Please return the listing exactly as written, but without its pictures.

### Given material ###

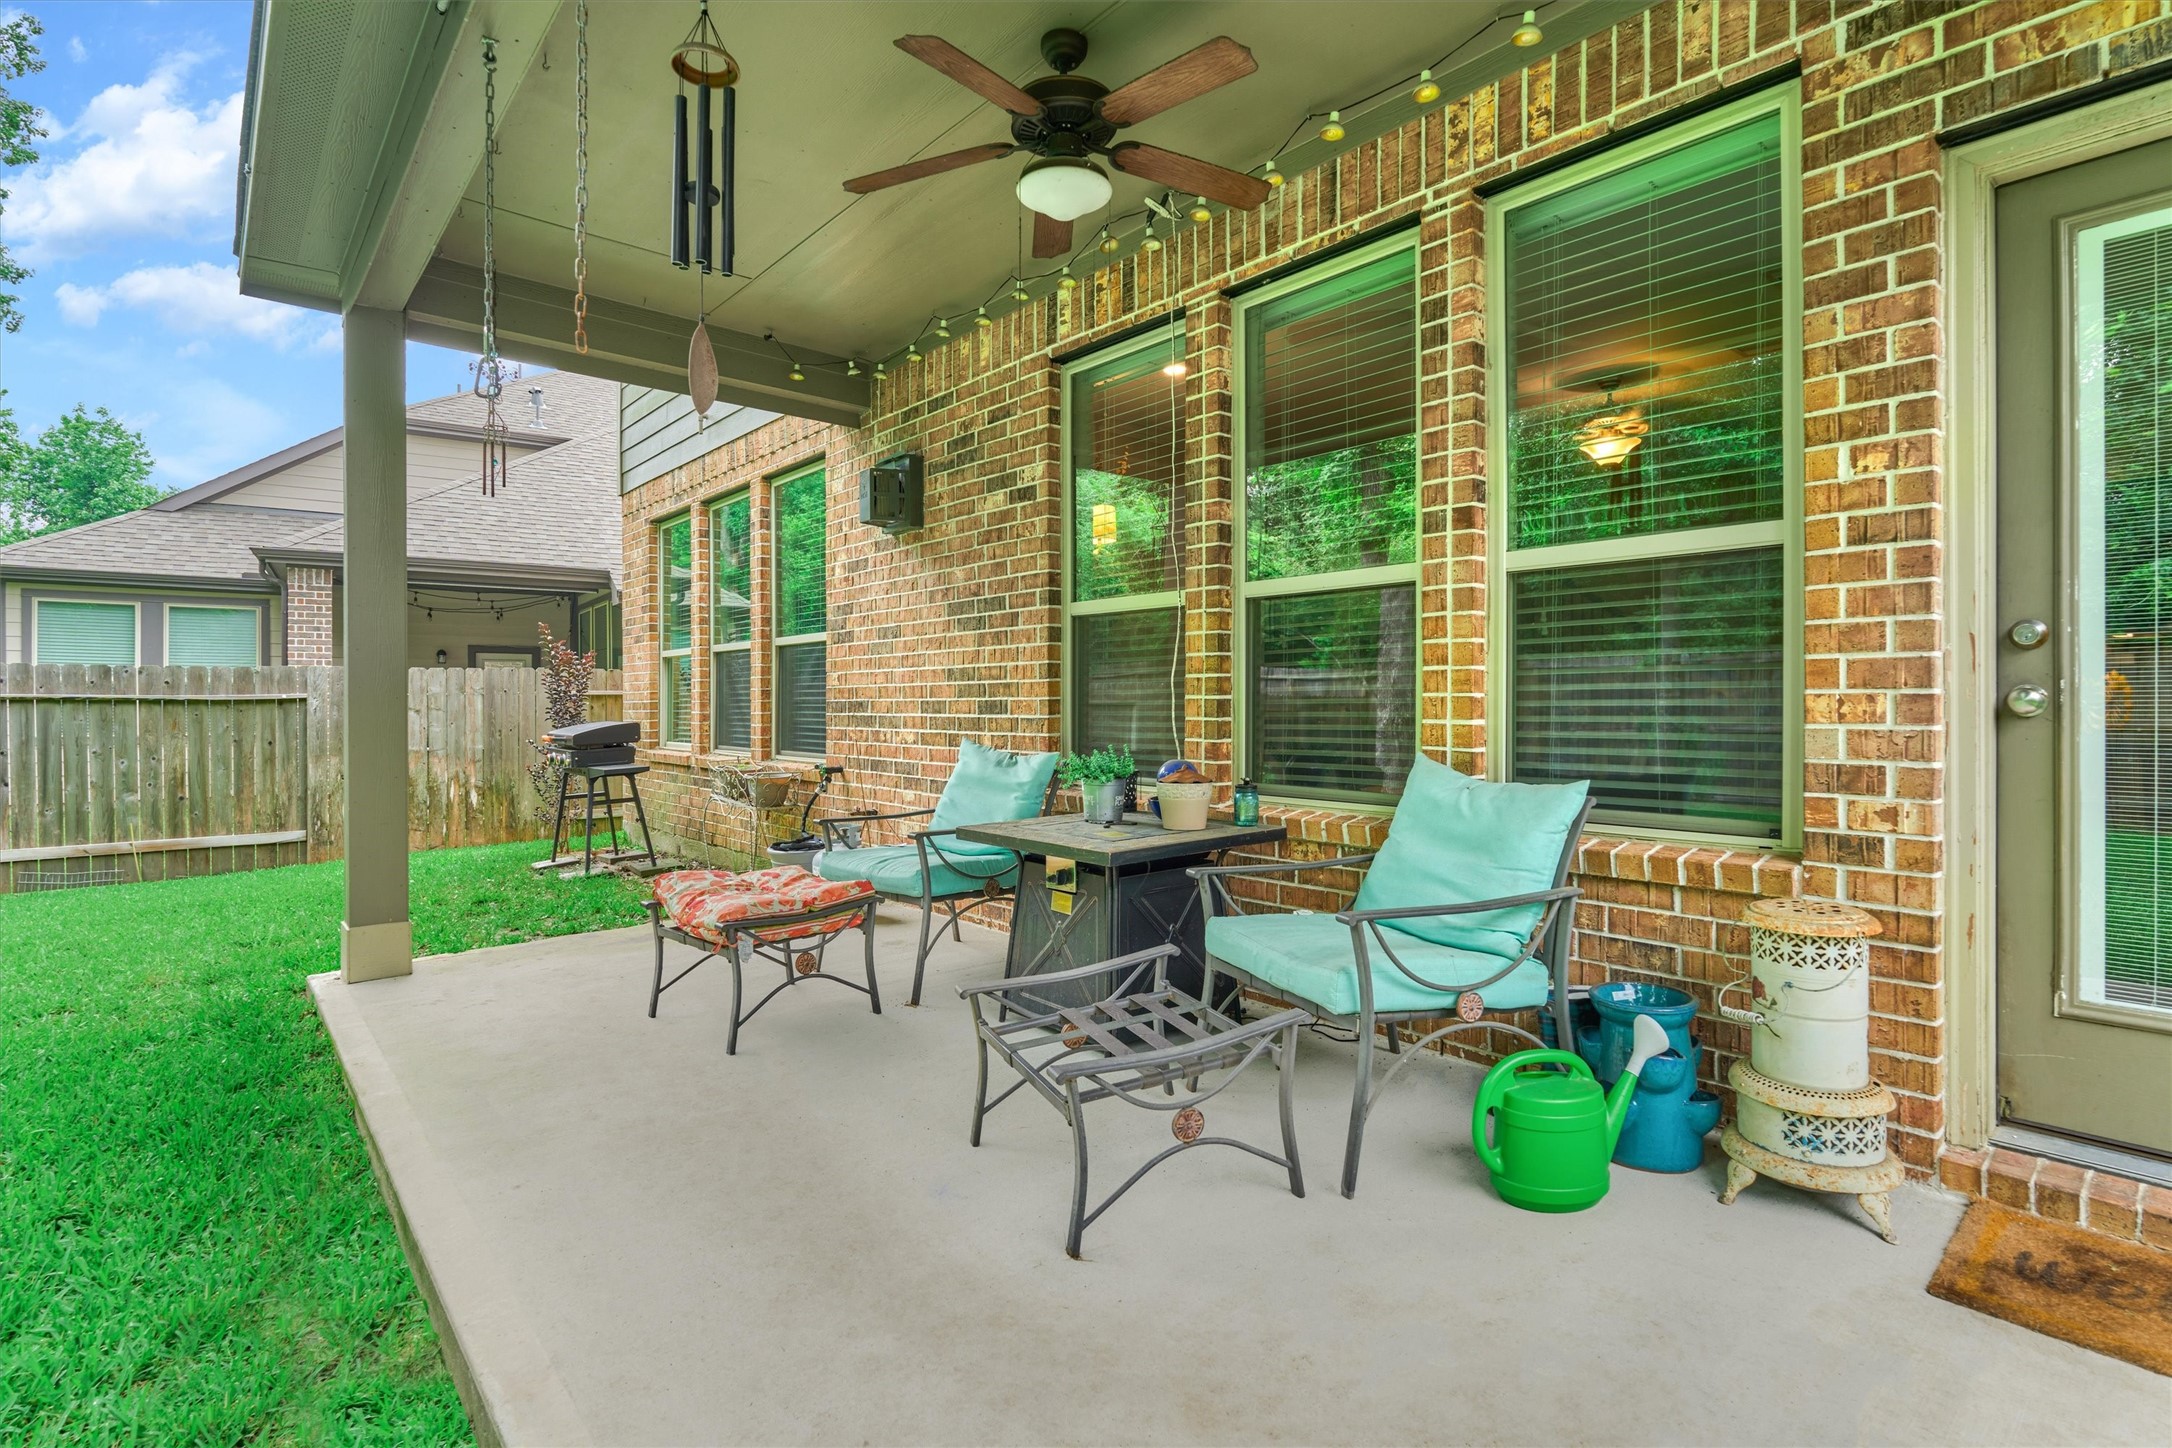 You'll enjoy sitting on your patio with this serene back yard view. Call today for your private viewing!
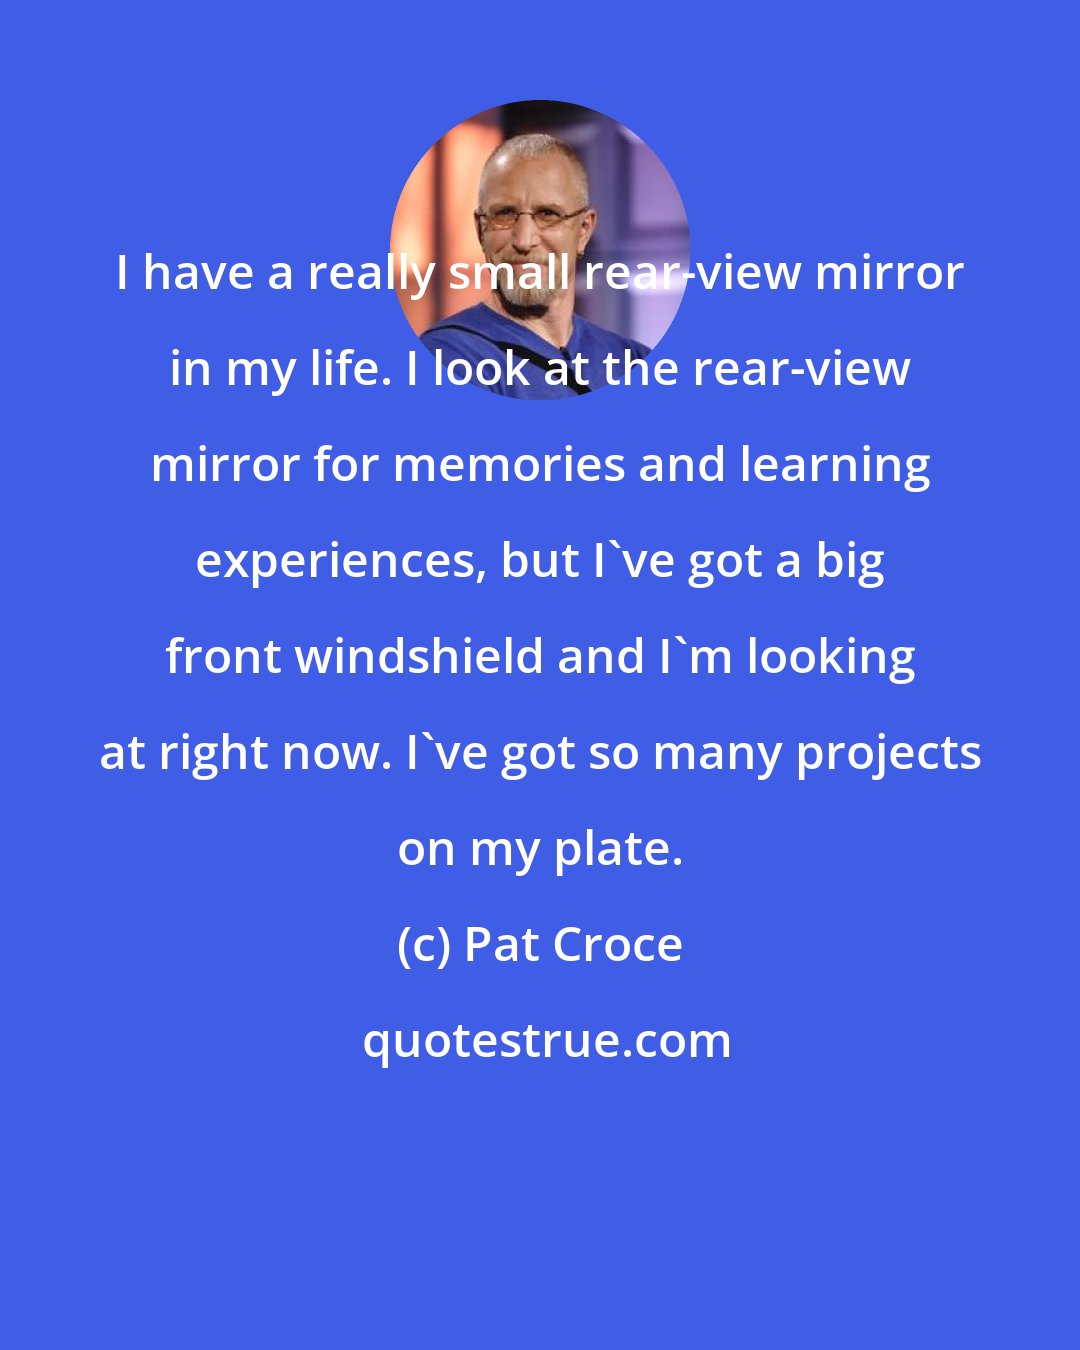 Pat Croce: I have a really small rear-view mirror in my life. I look at the rear-view mirror for memories and learning experiences, but I've got a big front windshield and I'm looking at right now. I've got so many projects on my plate.
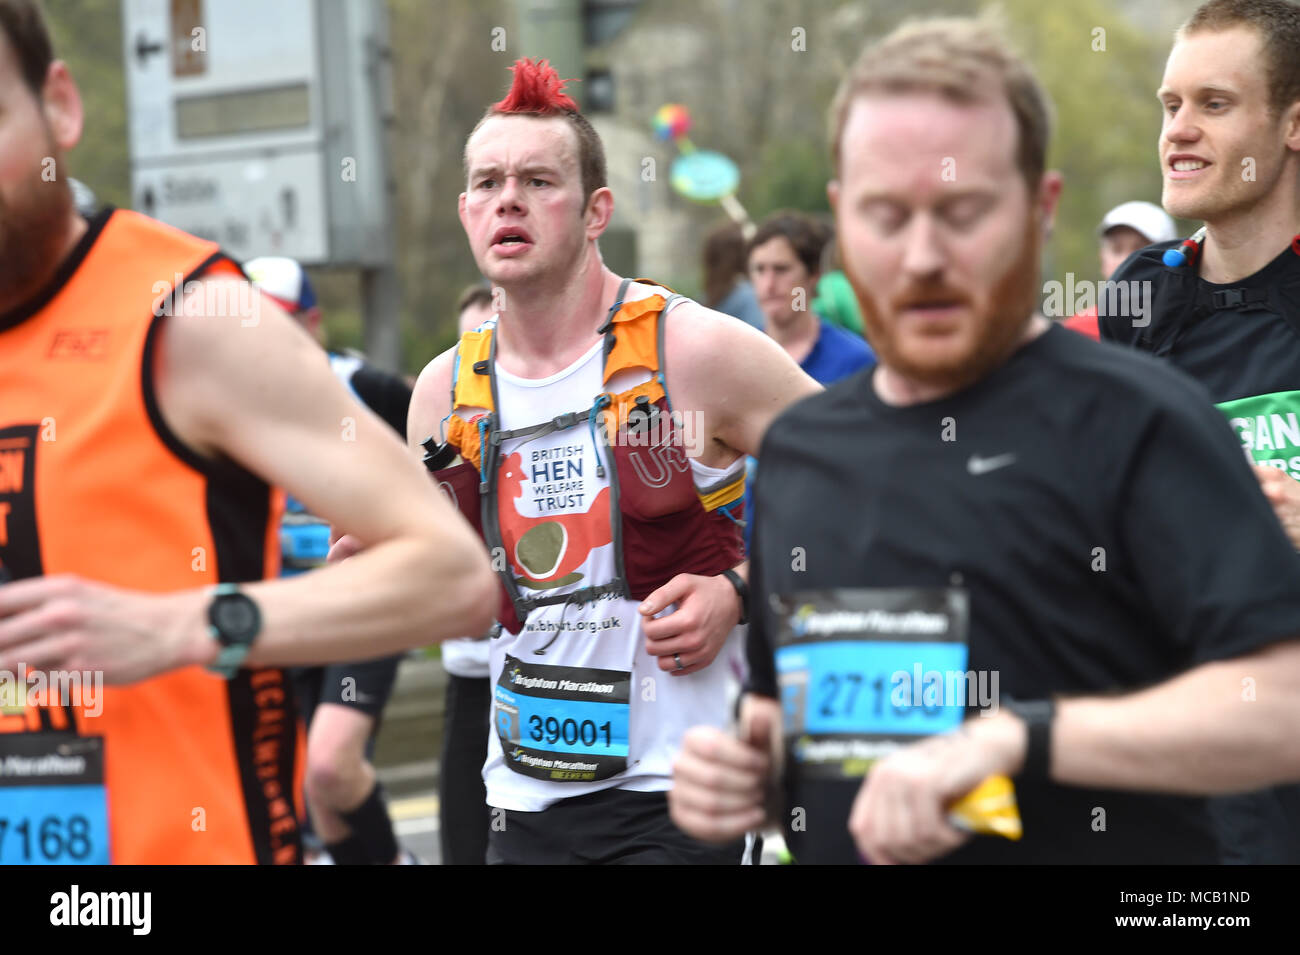 Brighton UK 15th April 2018 - Thousands of runners take part in the Brighton Marathon today as the marathon season gets under way in the UK Credit: Simon Dack/Alamy Live News Stock Photo

###

■ Response below:
 You'll enjoy sitting on your patio with this serene back yard view. Call today for your private viewing!
 Pat Croce: I have a really small rear-view mirror in my life. I look at the rear-view mirror for memories and learning experiences, but I've got a big front windshield and I'm looking at right now. I've got so many projects on my plate.
 Brighton UK 15th April 2018 - Thousands of runners take part in the Brighton Marathon today as the marathon season gets under way in the UK Credit: Simon Dack/Alamy Live News Stock Photo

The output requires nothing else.